Johnson Mathey v AC Rochester Overseas Corporation

Johnson Mathey v AC Rochester Overseas Corporation


Supreme Court of New South Wales – 13 December 1990


The parties were involved in contractual relationship to supply car parts for installation in motor vehicles manufactured in Australia. The parts were to be coated in Australia to take advantage of Commonwealth government policy which provided financial incentives for motor vehicle manufacturers to use locally produced parts.

On 19 February 1990, ACOC, the defendant, gave notice to JM that the agreement would end as JM had failed in the reasonable opinion of ACOC to be competitive with other suppliers of the coated parts on the basis of price, with all other terms and conditions being equivalent. It was common ground that the competitive prices used by ACOC in forming its opinion were prices of coated parts from sources in the United States. JM challenged the termination on the basis that it was the only with another supplier of substrate coated in Australia that comparison could be made for the purposes of ACOC’s right to give notice.

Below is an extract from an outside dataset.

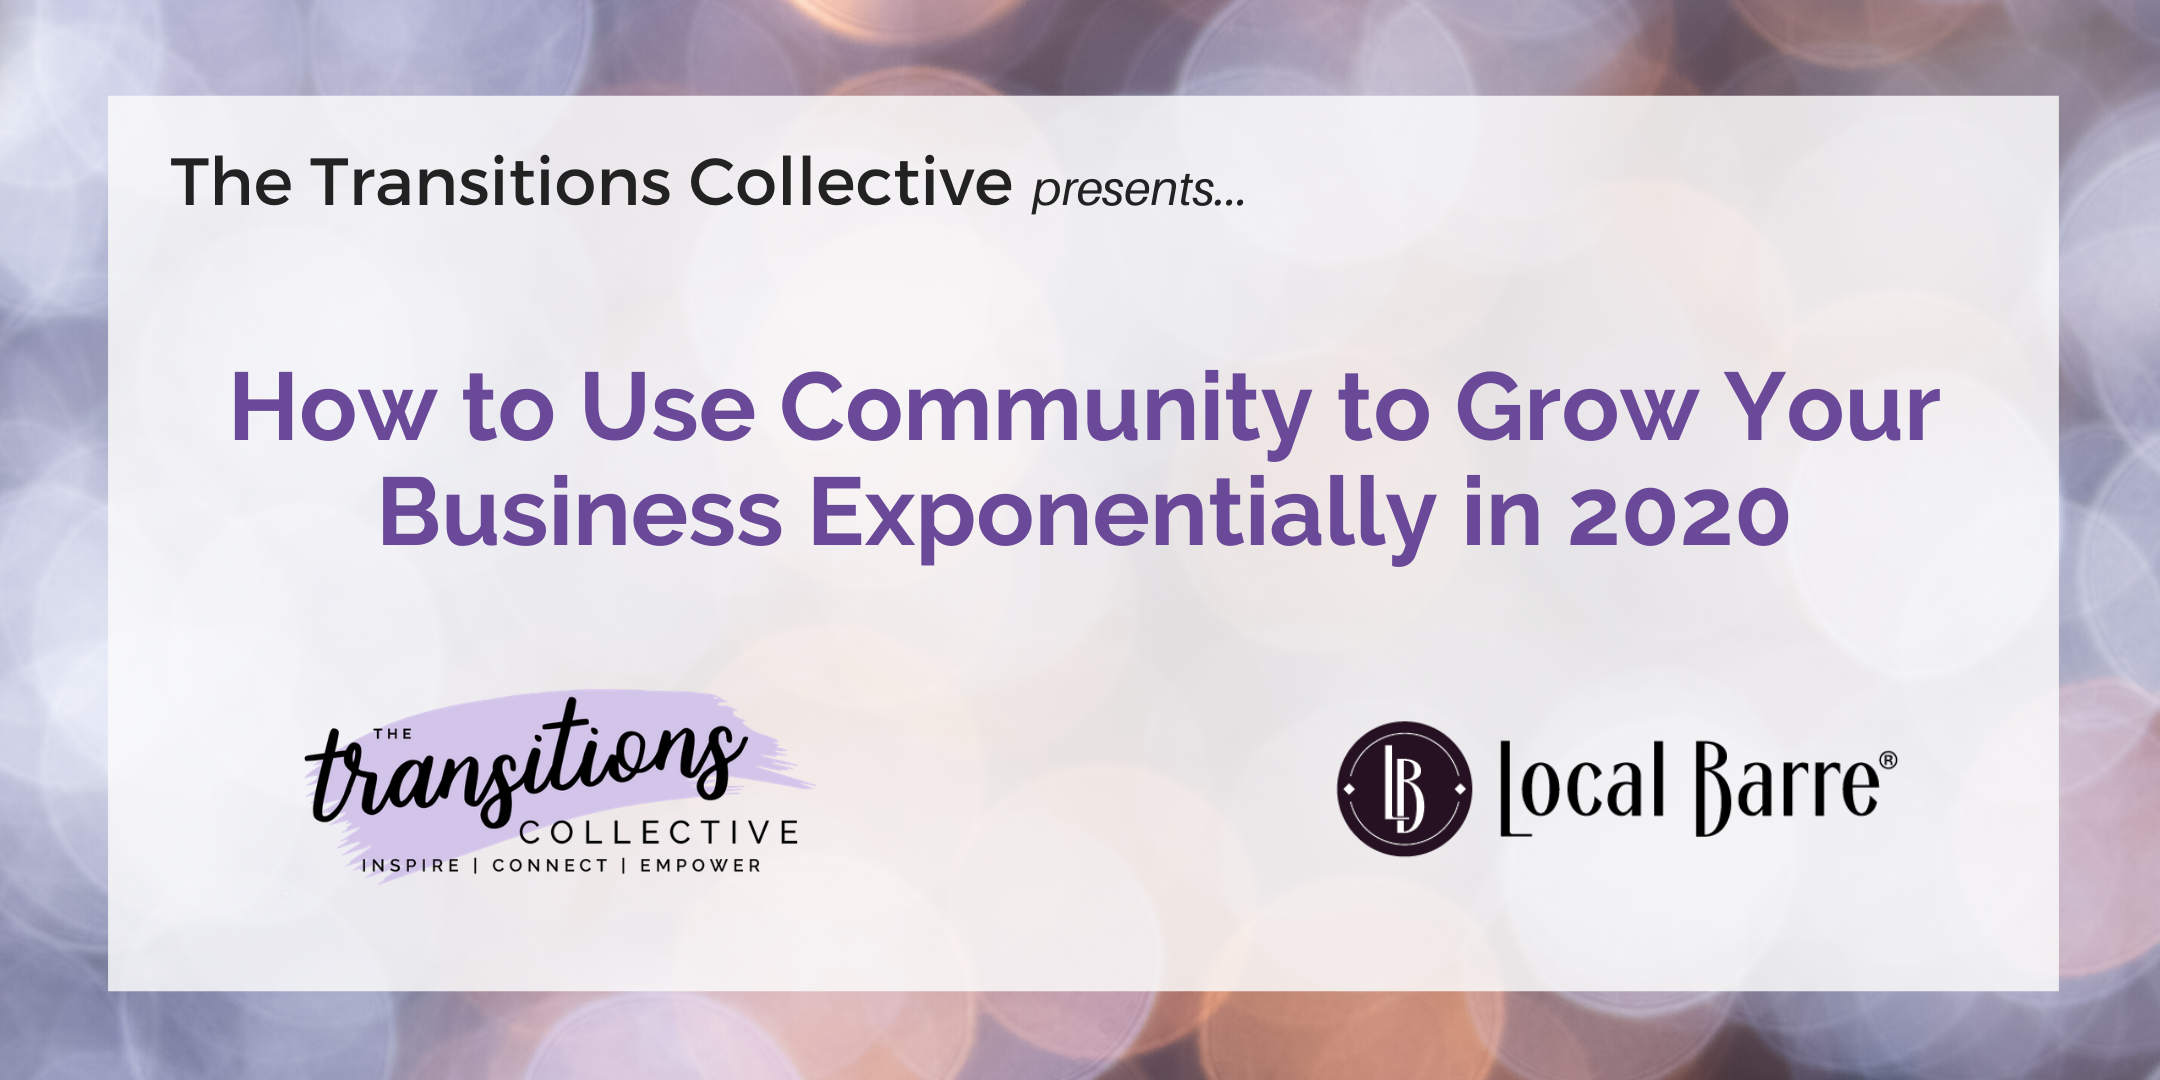 How to Use Community to Grow Your Business Exponentially in 2020

Reliance was placed on negotiations between the parties before the contract was entered into to show that ACOC was estopped from denying that the right to terminate was to be made using the prices for Australian coated parts.


Could evidence of pre-contract negotiations to be used to amend the language of the written contract?

Was there an implied term in the contract that the right of ACOC to terminate on the basis of price was to be exercised using the prices for Australian coated parts?